Retail grew 2%, with volumes down 1.9%, but excluding own reductions, volumes grew 1.2%. Shelf-stable dressings, sauces and croutons grew 0.5%. Frozen breads grew 3.6%. Refrigerated dressings grew 1%. In the scanner data during the quarter, Chick-fil-A sauces grew 6%, Olive Garden grew 2.1%, Buffalo Wild Wings sauces were flat, New York Bakery grew 4%, and Reames frozen egg noodles grew 17.9%. With the launch of Chick-fil-A salad dressings combined with Marzetti brand dressings, the company had a 27.7% share in salad dressings.
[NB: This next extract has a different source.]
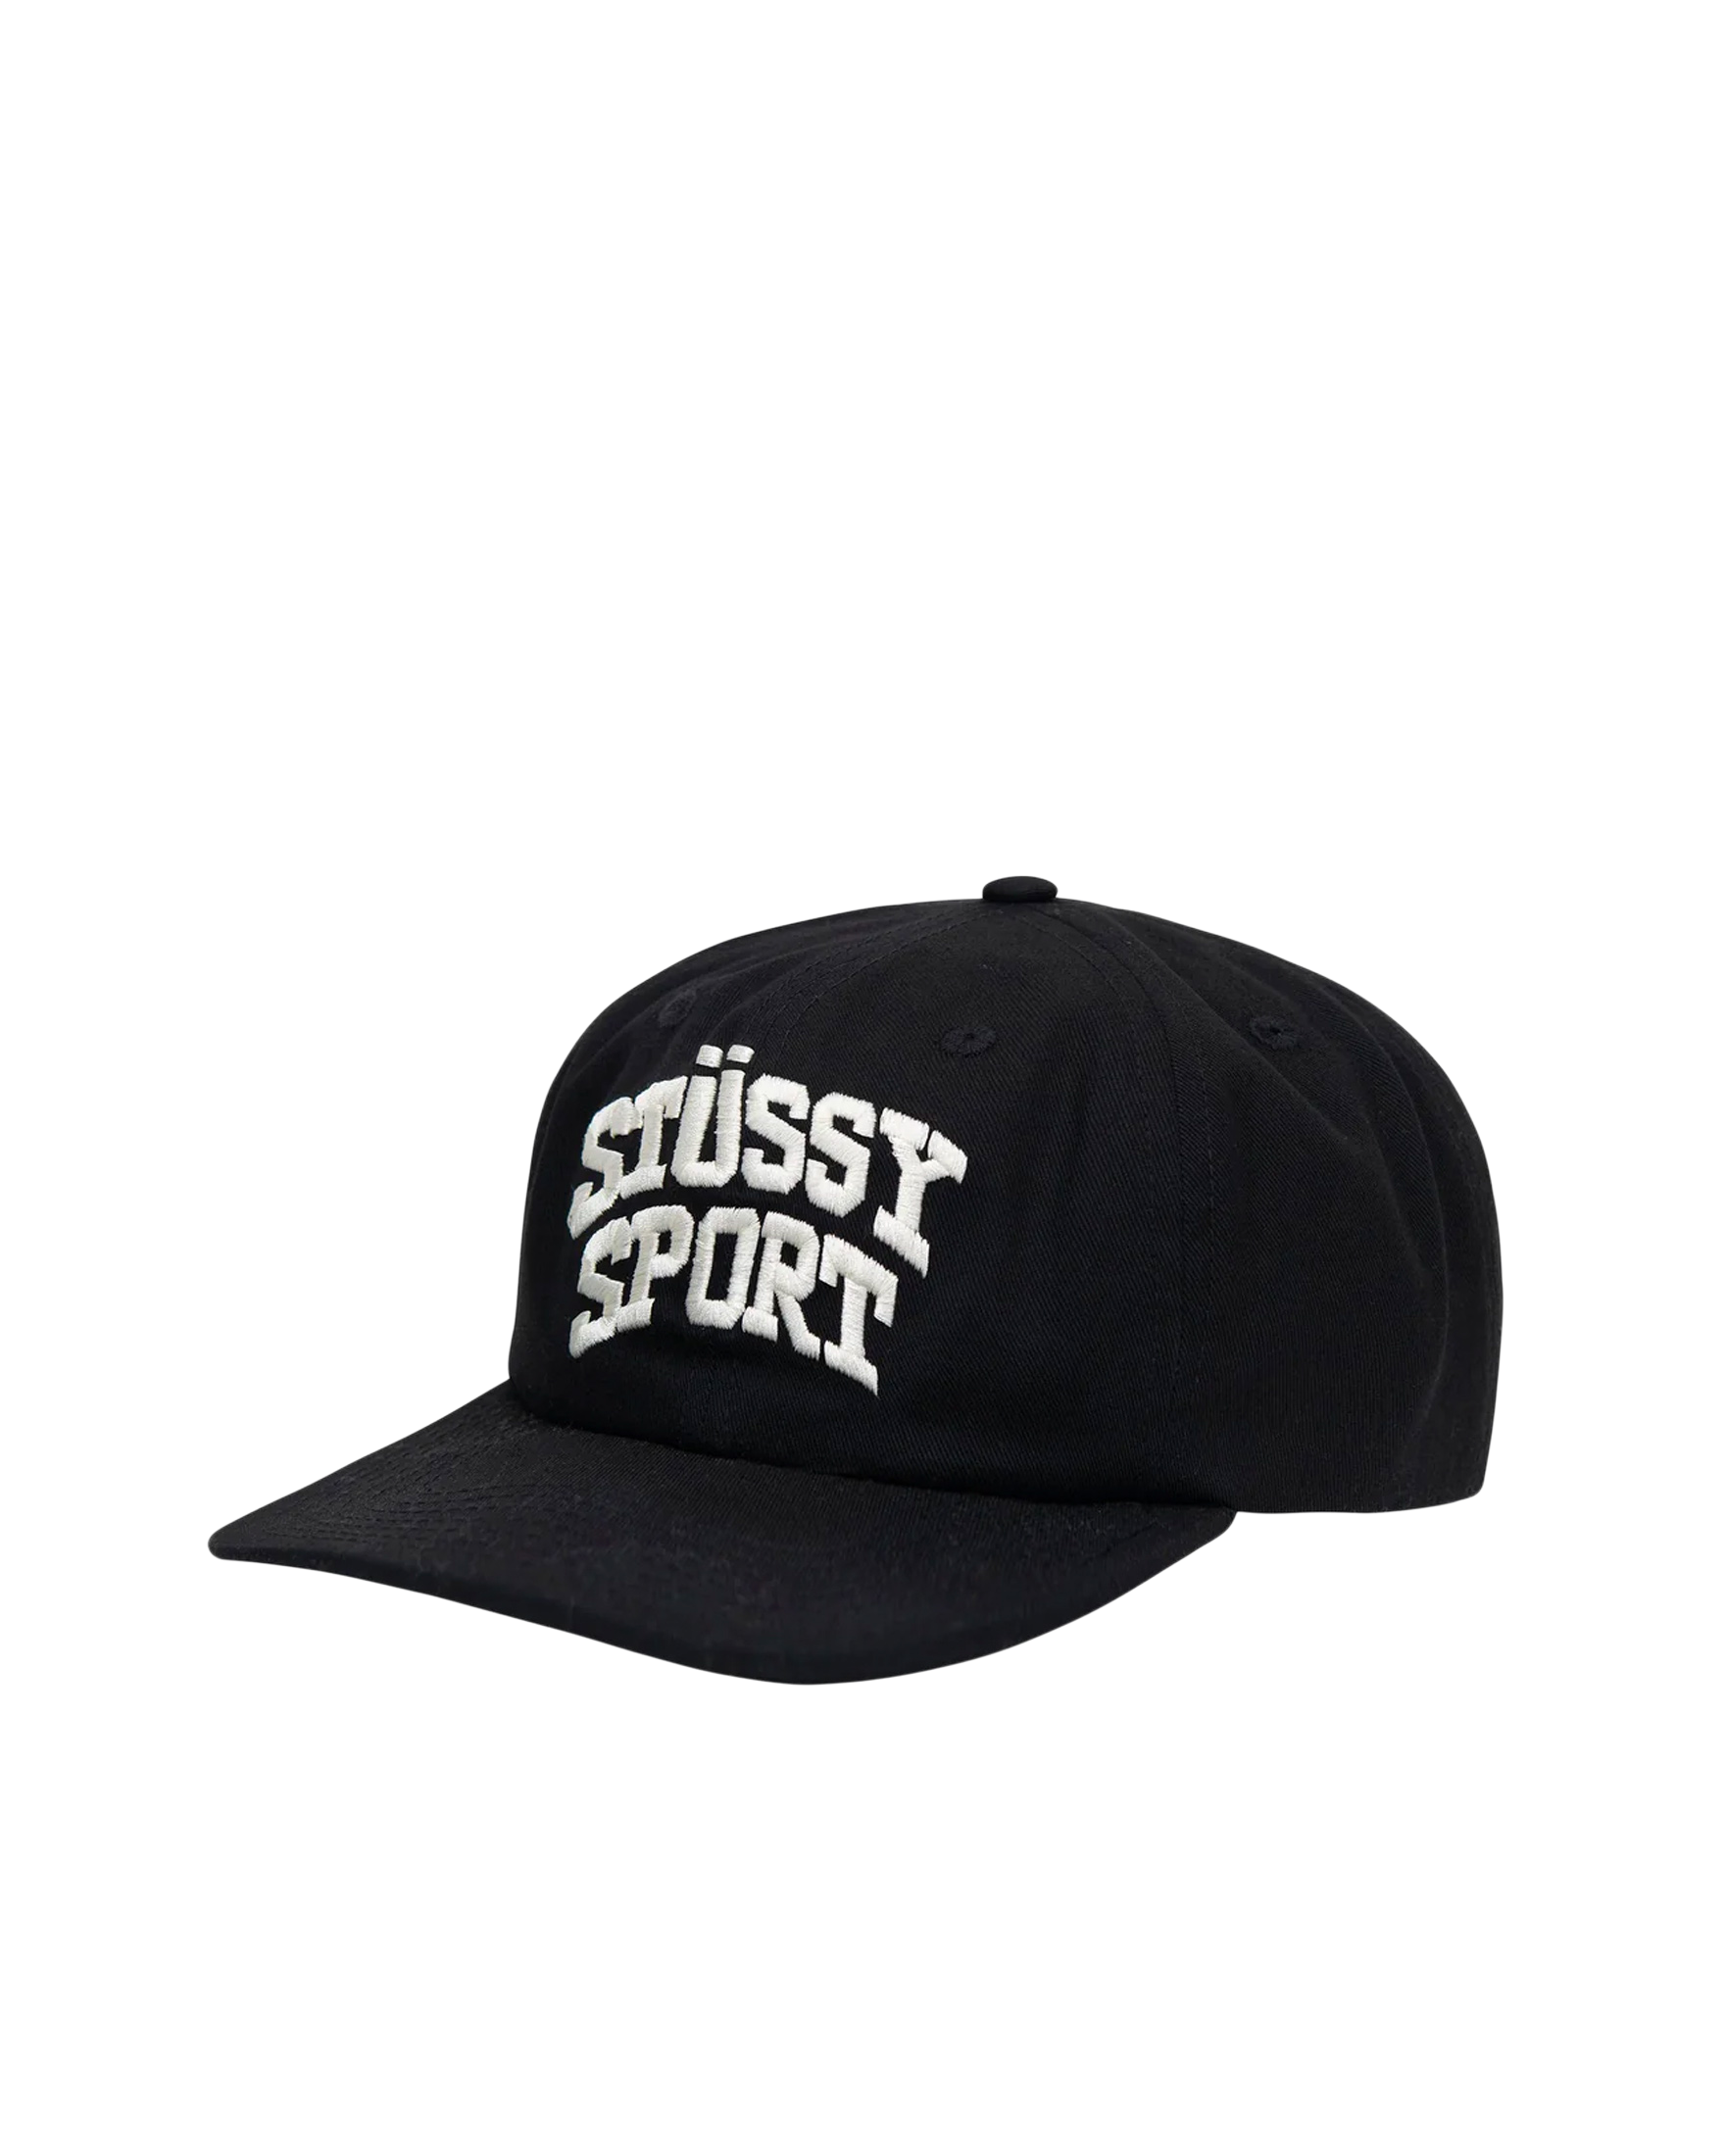 Stussy Sport Cap Stussy Headwear Caps Black

The company will soon launch Subway sandwich sauces and Texas Roadhouse steak sauces at retail. Management has shifted the focus from raising prices to recover higher input costs to adjusting on-shelf pricing to hit key thresholds like 3.95 instead of being priced above 4. Segment margins expanded 340bps.
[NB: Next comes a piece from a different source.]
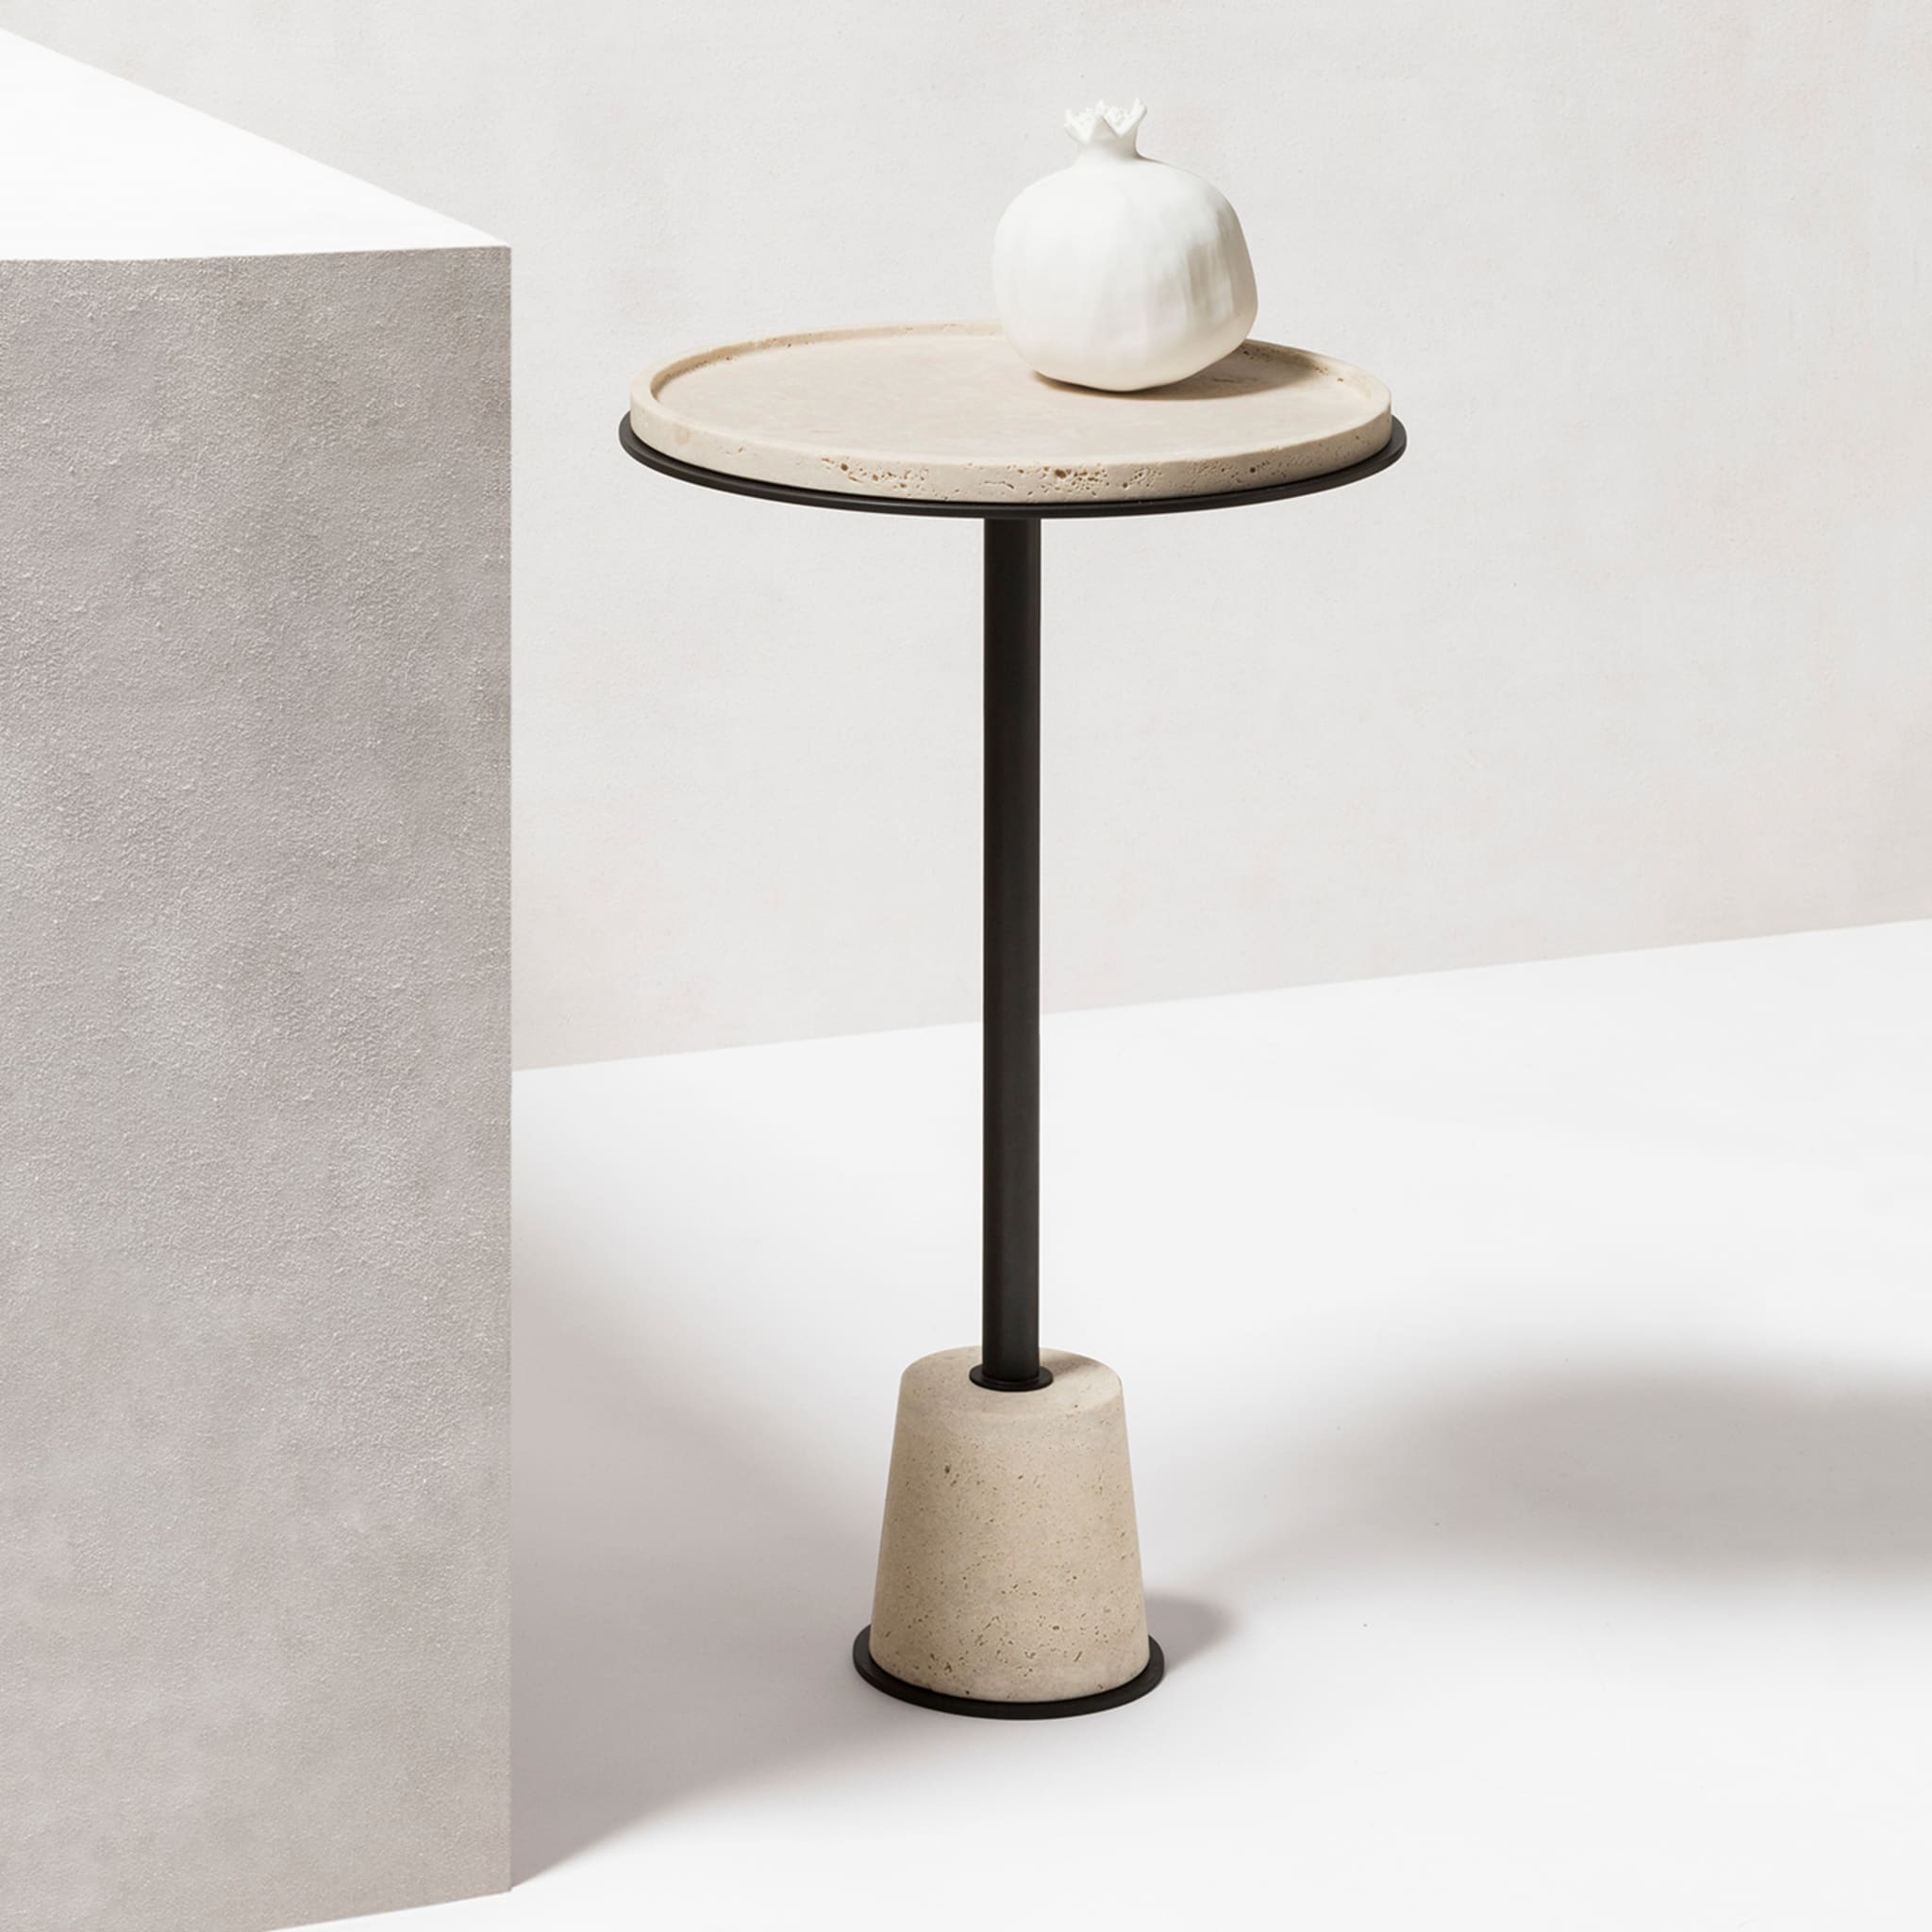 Sorrento Marble Side Table - Medium  - Alternative view 1

Gross margins expanded 360bps, improving sequentially from +310bps. Commodity prices were lower YOY but remain elevated. Since Q1 of F2023, Lancaster Colony has been recovering some of the previous negative Pricing Net Of Commodities (PNOC). Due to an extended surge in key commodities, including soybean oil, Lancaster Colony lags most CPG companies in recovering gross margins. The company also has several cost savings initiatives contributing to higher margins. PNOC contributed slightly over 200bps, while cost savings initiatives contributed over 100bps. Operating margins expanded 270bps. Lancaster Colony is a Best Idea long. The company’s margins have been pressured by significant input cost inflation and higher costs from new capacity expansion and systems implementations. FQ2 has signaled that the margin recovery is now fully underway, necessitating positive EPS revisions.

Beer Purchasers’ Index (STZ)

The National Beer Wholesalers Association Beer Purchasers Index (BPI) improved across all segments of beer except Below Premium but was remained contractionary. The BPI fell from 44 in December to 43 in January. The BPI is a diffusion index where a reading above 50 denotes expansion and below 50 denotes contraction.

  • Imports fell nine points sequentially to 59 in January but were up from 52 last year.
  • Premium lights fell to 38 in January from 50 in December but were up from 37 last year.
  • Premium regular was down five points sequentially to 43 in January but up from 27 last year.
  • Below premium improved six points sequentially to 33 in January but was down from 48 last year.
  • Craft decreased two points sequentially to 28 and was up from 21 last year.
  • FMB/seltzer was flat sequentially at 35 in January but improved from 18 last year.

The at-risk inventory measure was 42 in January compared to 47 in December, indicating lower inventory levels and cautious ordering by the distributors. 2023 was a difficult year for the beer industry. We recently presented our Beer Industry 2023 Review and 2024 outlook. We did a deep dive into the factors impacting the beer sector’s declines in 2023 and what we think 2024 will bring. We also made several rating changes in anticipation of the comparisons of 2023. For a replay of our 2024 Beer Industry Outlook call, CLICK HERE.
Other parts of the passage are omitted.